SHERYLL CASHIN: As I said before the court, the same 5-4 majority, the Florida five in Bush v. Gore over the last five years, this court, these five Justices have struck down a number of federal laws. And I think they will continue to do this last year. They said, you can’t bring an action against the states for age discrimination. This year they said you can’t bring an action against the states for disability discrimination. They have also struck down portions of the Violence Against Women Act. I think we’re going to continue to see the theme with the five justices. It’s itself least deferential court toward Congress in American history.
TERENCE SMITH: Douglas Kmiec, your summary?

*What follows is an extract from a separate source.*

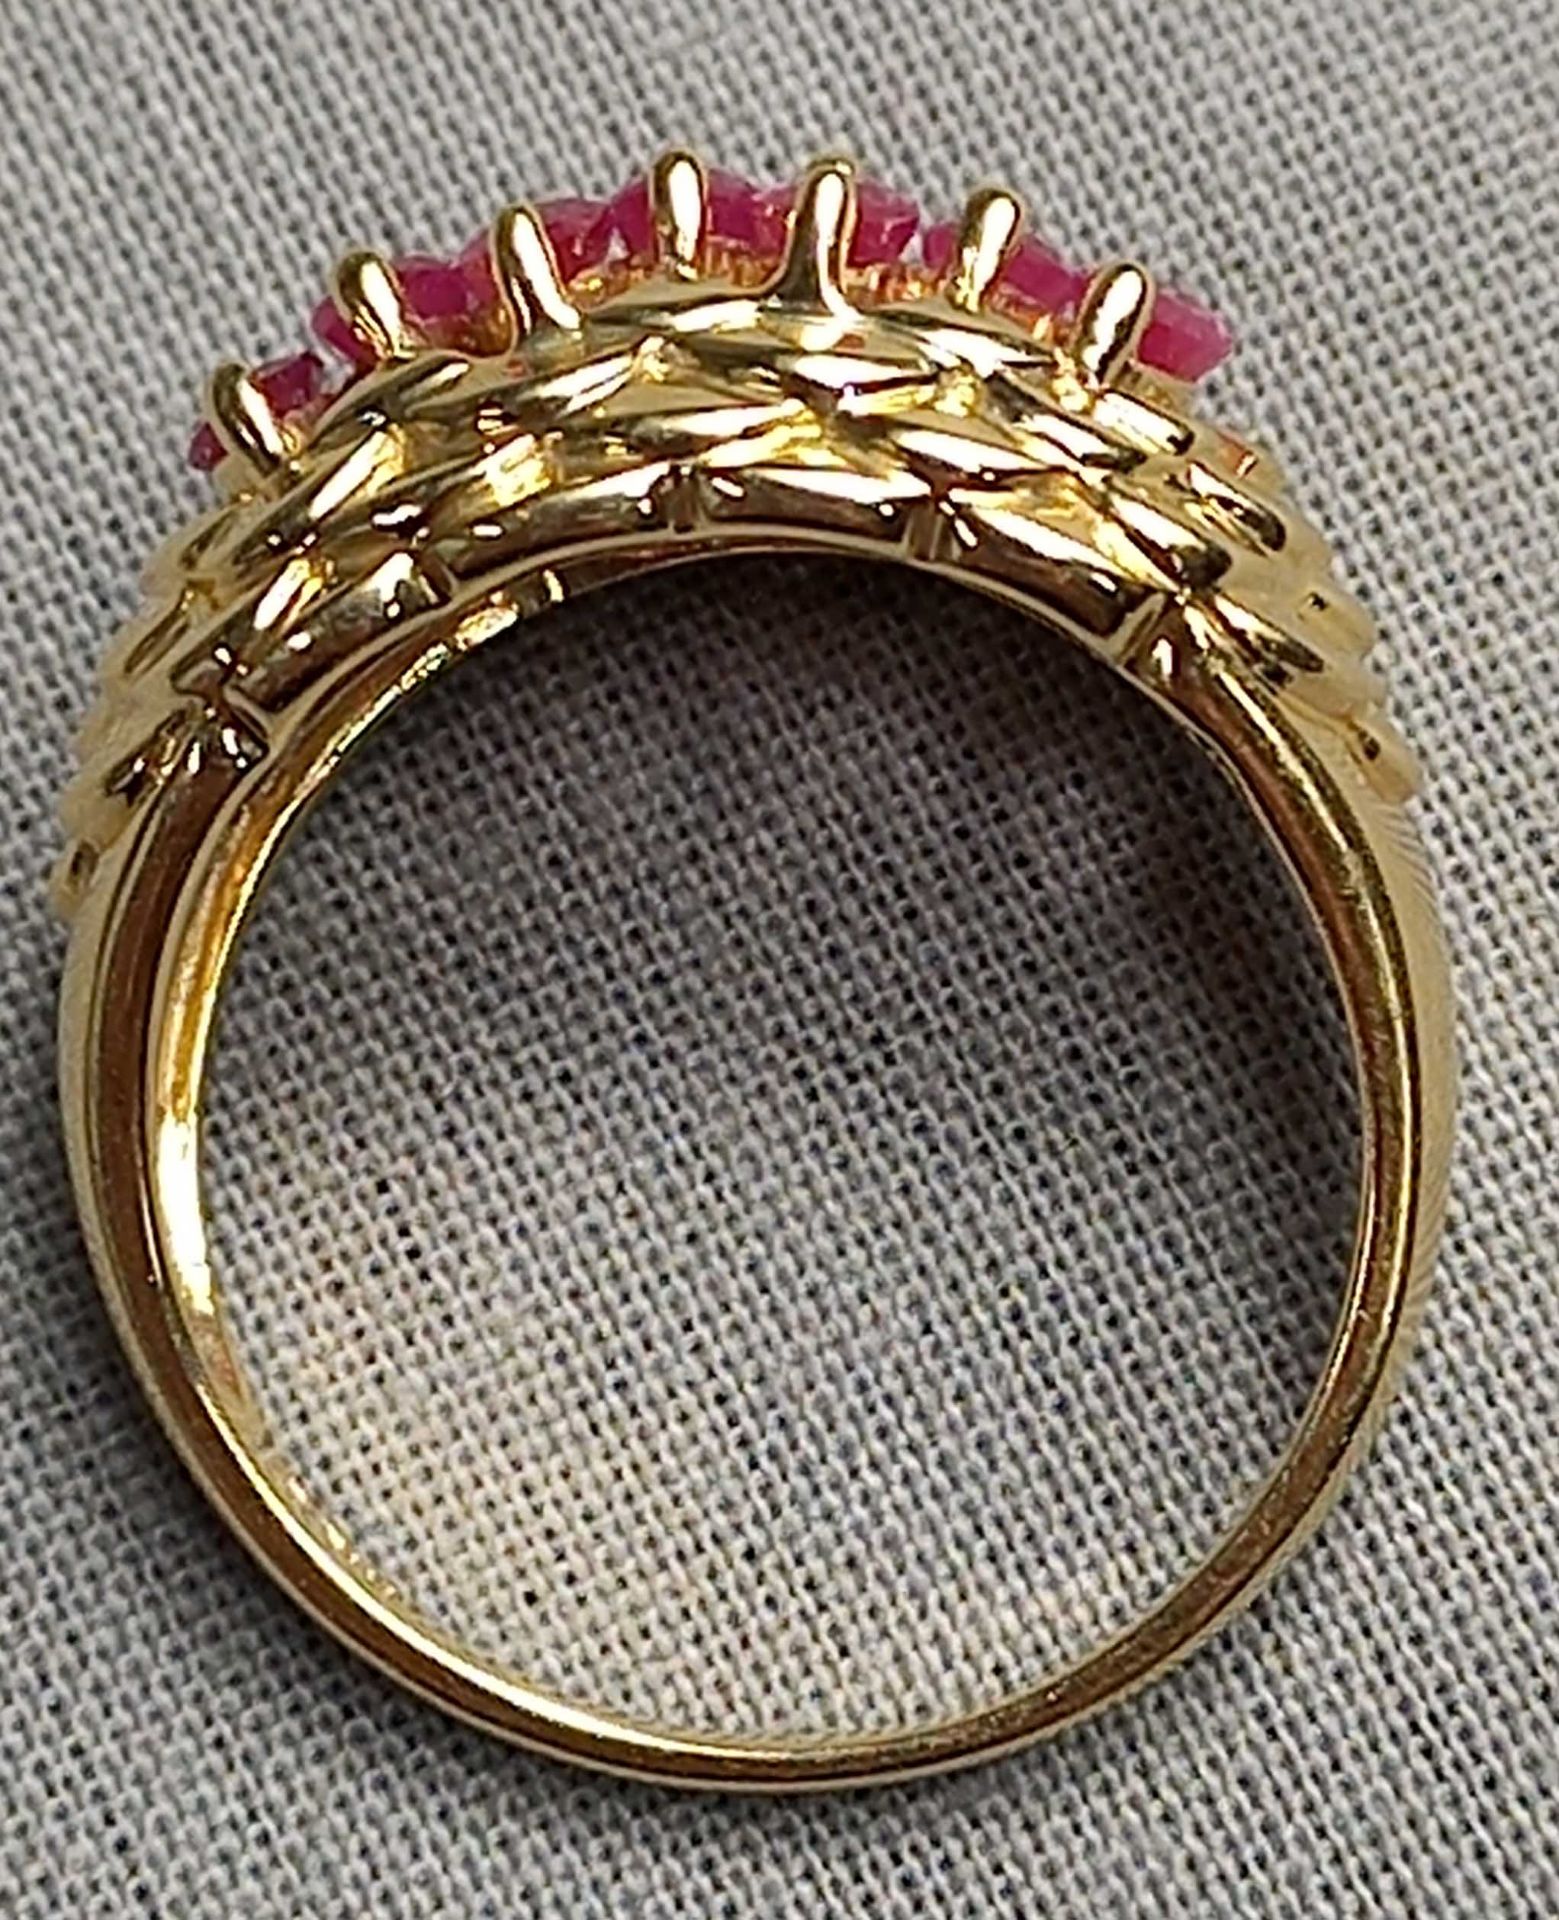 4 Ringe Gold 585 mit Steinen (Aquamarin, Rubin, Diamant, Saphir). - Bild 13 aus 29

DOUGLAS KMIEC: Well, I think it was an interesting term. Bush versus Gore is always going to loom largely over this term. But the First Amendment got a substantial boost in this term; the Fourth Amendment privacy emerged as a very important value in the courts decision-making. I think there were some unfortunate decisions but as you said, Terry this is a very balanced court and of those 26, 5-4 decisions about 14 might be said to go to the moderate or conservative side of the balance, another eight or so toward the liberal or progressive side. That tends to suggest this is a court of integrity — an insight that it’s deciding cases on their facts and on the record; by and large I say they acquitted themselves very well this term.
TERENCE SMITH: Walter Dellinger, when you look at the, look at the term, characterize it for us.
WALTER DELLINGER: Well, I almost agree with Doug – I mean, the court is working well as an institution. I think there may never have been a better prepared, more active, more incisive group of justices at oral argument; they are getting the work done on time, the opinions are well reasoned. They are mostly free of unnecessary rancor. That being said I do think it is an extraordinarily interventionist court. It badly needs a Justice like Justice John Harlen, who is willing to defer to the judgment of other institutions. It’s not just Congress, it’s not just Bush versus Gore. They don’t defer to the Professional Golf Association thinking they are better situated than the PGA to decide the true nature of competitive golf. They think they’re better situated than the states to decide what state policies need to be advanced. They just don’t defer to any other institutions and I that think this is a court that would be well served by a grain of humility.
TERENCE SMITH: Thomas Merrill, sum it up for us. Do you see this as the others do, as your colleagues do, as a court that has great confidence in itself?
THOMAS MERRILL: I certainly do. I agree with everything that my colleagues have said on that score. I would say that this is Sandra Day O’Connor’s court. It has been and continues to be — as Doug pointed out, Douglas Kmiec pointed out, these 5-4 decisions, the large number this year are not all conservative decisions about 40 percent of them go in the liberal direction if you define liberal according to the block of justices that usually vote on that side and 60 percent of them led in the conservative direction. And the one person who accounted for more of the shifts than any other is Justice O’Connor. She voted with the majority in 80 percent of the 5-4 decisions. And so, and in seven cases she switched over from a conservative side to the liberal side to make a 5-4 majority. She is really the critical vote that hold the balance of power in this court. And I think that when and if she retires it will be a decisive moment in this court’s history.
TERENCE SMITH: Okay. We’ll watch her and this court as it comes in the future. Thank you all four very much.